:: Available data

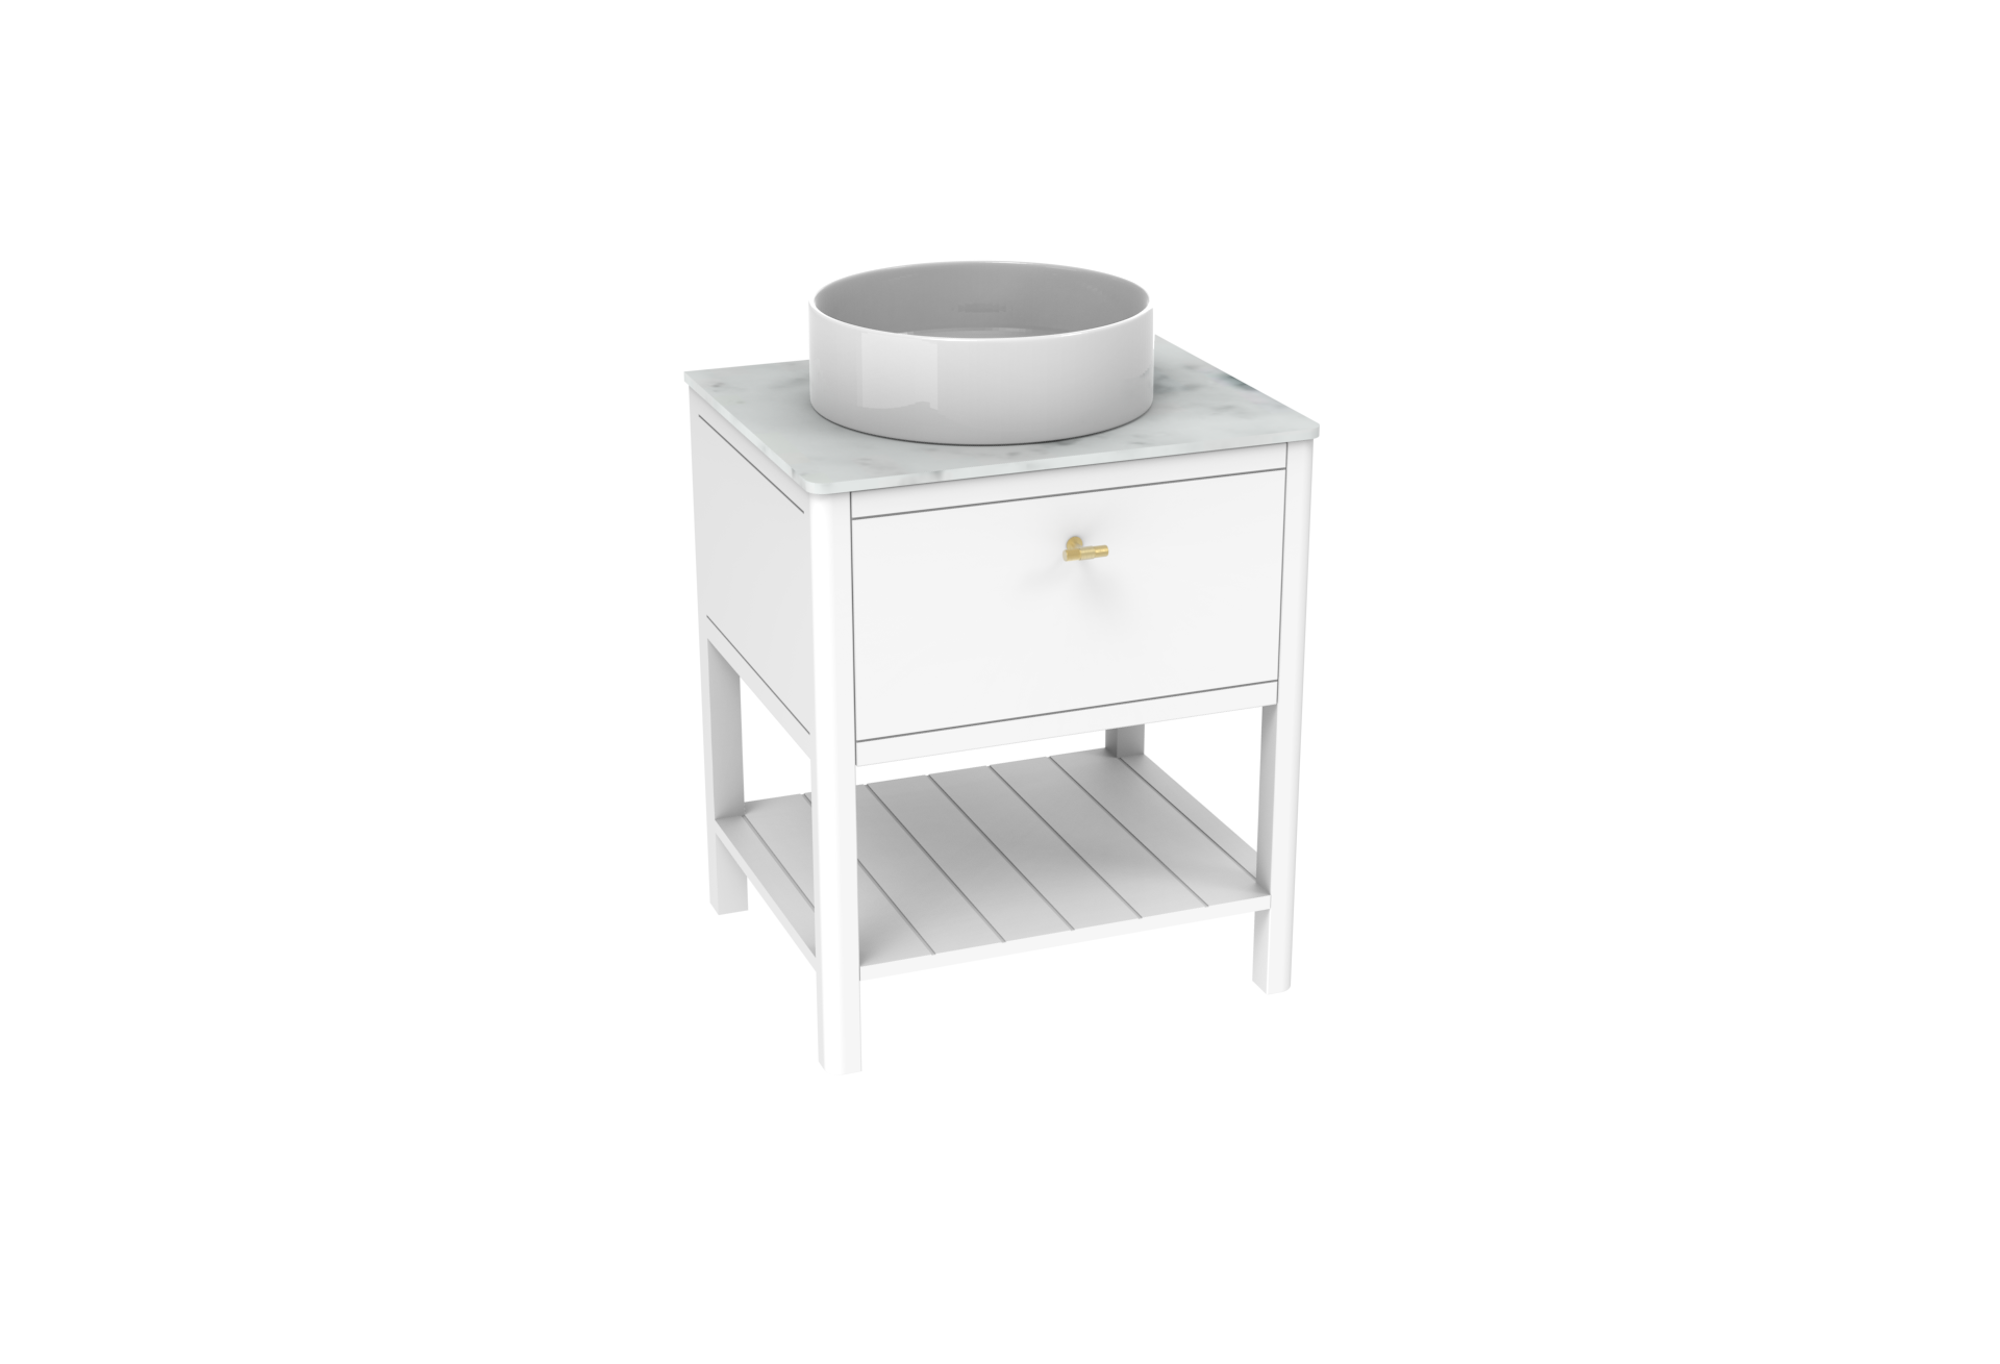 FRONTIER 60cm 1 drawer floor standing unit with undermount tray - Matte White
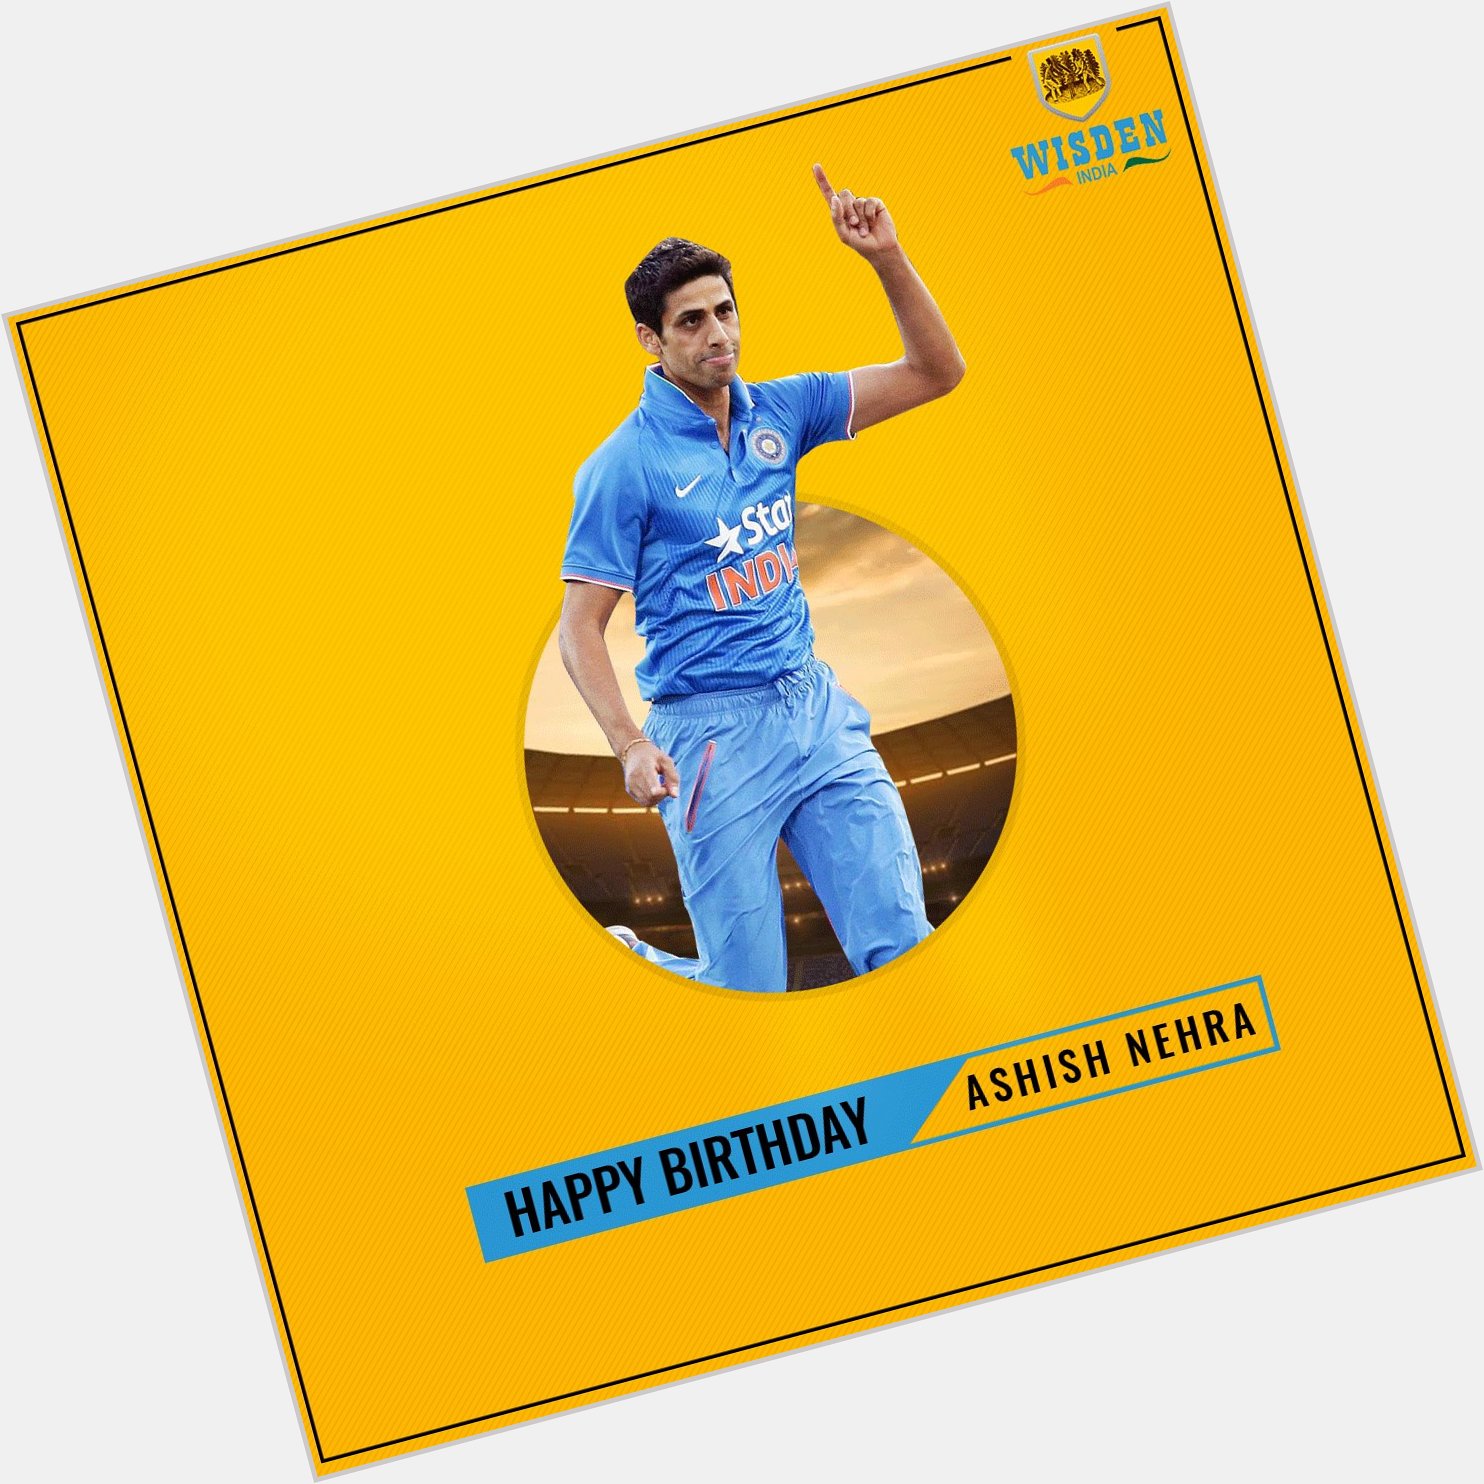 Wishing a very Happy Birthday to Indian pacer Ashish Nehra! 
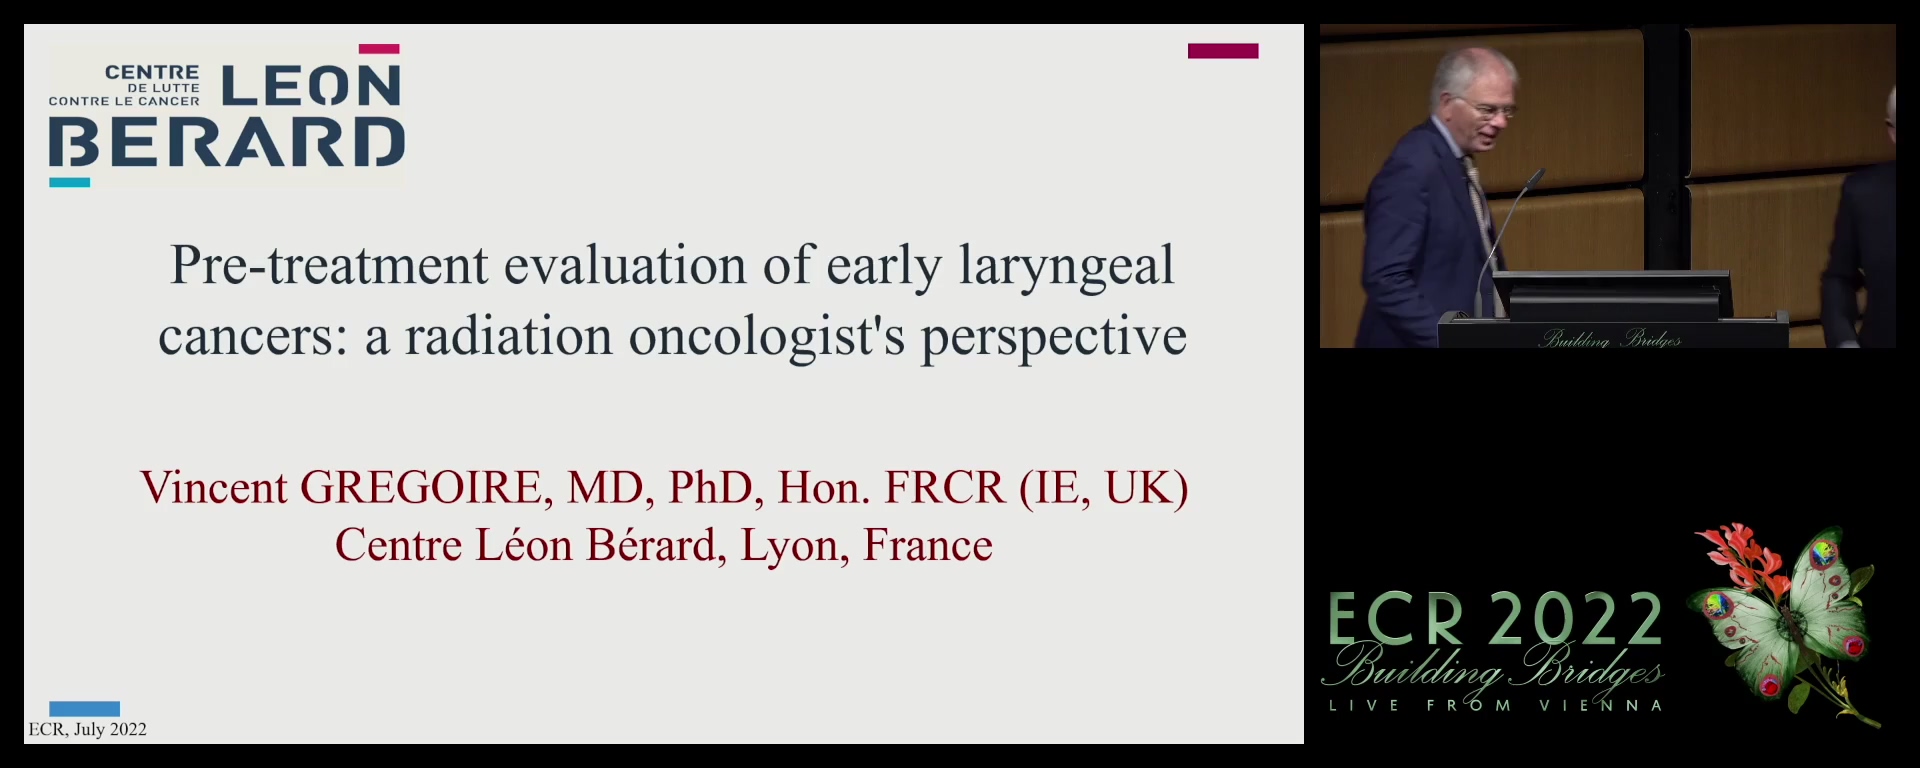 Pre-treatment evaluation of early laryngeal cancers: a radiation oncologist's perspective
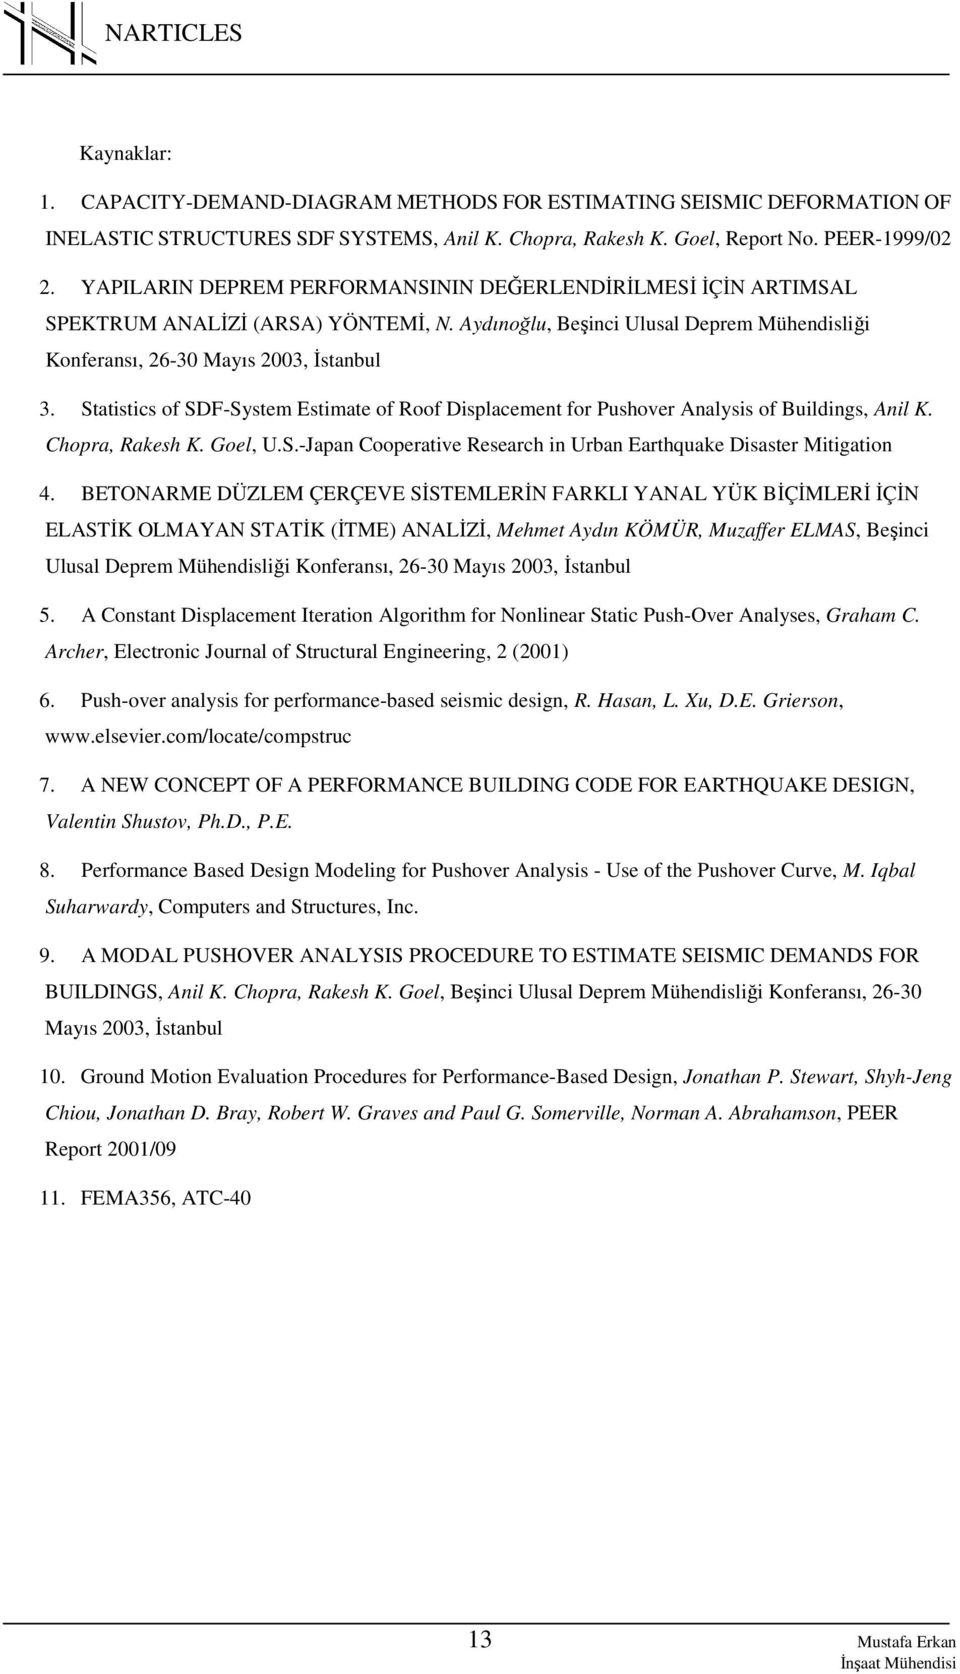 Statistics of SDF-System Estimate of Roof Displacement for Pushover Analysis of Buildings, Anil K. Chopra, Rakesh K. Goel, U.S.-Japan Cooperative Research in Urban Earthquake Disaster Mitigation 4.

::::

- **Your goal**
Give back every line of the material exactly as written, but not the pictures.

- **Response to the task**
 FRONTIER 60cm 1 drawer floor standing unit with undermount tray - Matte White
 Wishing a very Happy Birthday to Indian pacer Ashish Nehra! 
 Pre-treatment evaluation of early laryngeal cancers: a radiation oncologist's perspective
 Statistics of SDF-System Estimate of Roof Displacement for Pushover Analysis of Buildings, Anil K. Chopra, Rakesh K. Goel, U.S.-Japan Cooperative Research in Urban Earthquake Disaster Mitigation 4.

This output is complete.